91 恋は桜
「蓮、さっきからちょっと言葉きつくない?」
「……いつも通りだろ。ただ、一気に距離が縮まったように見えたから何か言われそうだよな、って言ってるだけだ」
蓮、完全に調子が狂ってるね。普段ならこんなこと気にするタイプじゃないし、俺が咲良と付き合えたなら長い間相談に乗ってくれていただけあって、すごく喜んでくれると思う。
それなのにこんな感じになってる。いくらでも反論の余地があるし、そもそも誰を心配しているのか分からない。咲良のことか、俺のことか。やっぱりどこを取っても今日の蓮はおかしいんだよね。俺も蓮とは付き合いが長いからそれくらい分かるよ。蓮のことに関しては咲良や藍那より詳しい。二人がお互いのことを誰より理解しているのと同じように。
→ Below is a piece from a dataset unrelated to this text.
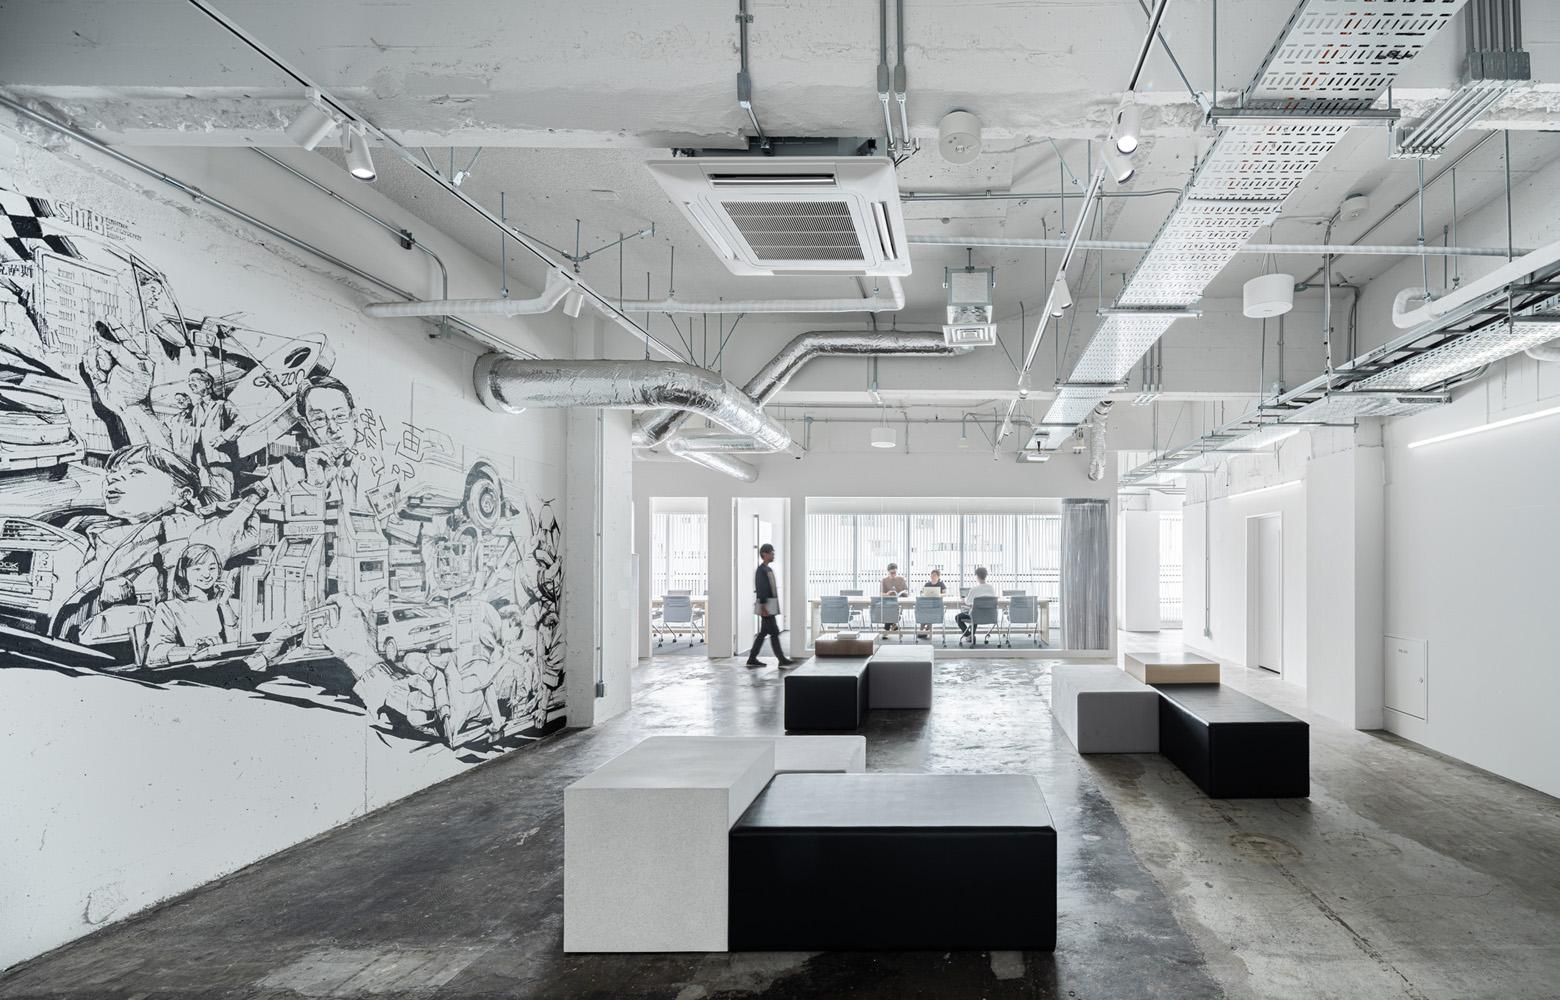 トヨタコネクティッド株式会社 Entrance Lounge_2 デザイン・レイアウト事例

「それって、蓮に関係あること? 蓮がもし咲良のことを好きなら言いたいことがたくさんあるのは分かる。でもそういうわけじゃないんだし、そんなにあれこれ口出ししてこないでほしいんだけど?」
さて、蓮はどう出るかな。ここが勝負だよ。今日一日悩んでいたのであろうことから考えれば俺の思うように事が進む。だけどそうだな……蓮が自分の気持ちに関してはとんでもない鈍感野郎だったなら、俺の作戦は失敗するだろうね。お願いだから上手くいってほしい。
「俺は……」
「ん?」
「……咲良のことが好き、だ……」
その言葉が耳に入った瞬間、心の中で思わずガッツポーズをしてしまった。俺はまだ咲良のことが好きだけど、親友には幸せになってほしいんだよ。両想いである可能性が誰よりも高いとなると、尚更応援したくなる。
口元を手で覆い、顔を真っ赤にしている蓮を見てそんなことを思う。蓮もこんな顔をするんだな……初恋を自覚する瞬間に立ち会ってしまった。
「だがお前があいつと付き合ったと言うのなら……いや、諦めらんねえな……?」
「蓮」
「お前には悪いが、」
「俺ら付き合ってないよ」
「……聞き間違い?」
「たぶんちゃんと聞き取れてるね。俺、咲良にフラれたよ」
受け入れてもらえた、なんて一言も言ってないだろ? と笑えば、少し考え込んだ後、『たしかに……』と呟いた。俺が最初に『フラれる覚悟で言ってみて正解だった』と言ったのは咲良のことを名前で呼べるようになったこと、まだ諦めきれていないけど今まで悩んでいたのは何だったのかと思うほど、気持ちに整理がついたことを意味していたのだと伝える。
「蓮、俺もまだ咲良のことが好きだよ。一度フラれたとはいえ、完全に可能性がなくなるわけではないからしばらくは変わらないと思う。でも蓮が咲良と付き合いたいと思うのなら、今日から俺らは親友でありライバルだな」
「……お前はそれでいいのか?」
「そりゃあ、俺に『諦めろ』なんて言う権利はないんだから当然」
「そうか……分かった。それなら俺も遠慮しねえ」
「うん。お互いに頑張ろう」
現時点で俺ら以外の男に取られる可能性は低い。なぜなら、咲良は特別親しい人間以外にはものすごく分かりにくい透明な壁を作っているからね。蓮は前から、『咲良に対して恋愛感情ではないが、それに至らないくらいの感情は抱いている』と言っていた。そしてそれが今日、正真正銘の恋心に変化した。それは俺にも分かるくらい、一日中咲良のことを考えて悩みまくったから。俺はそう考えているよ。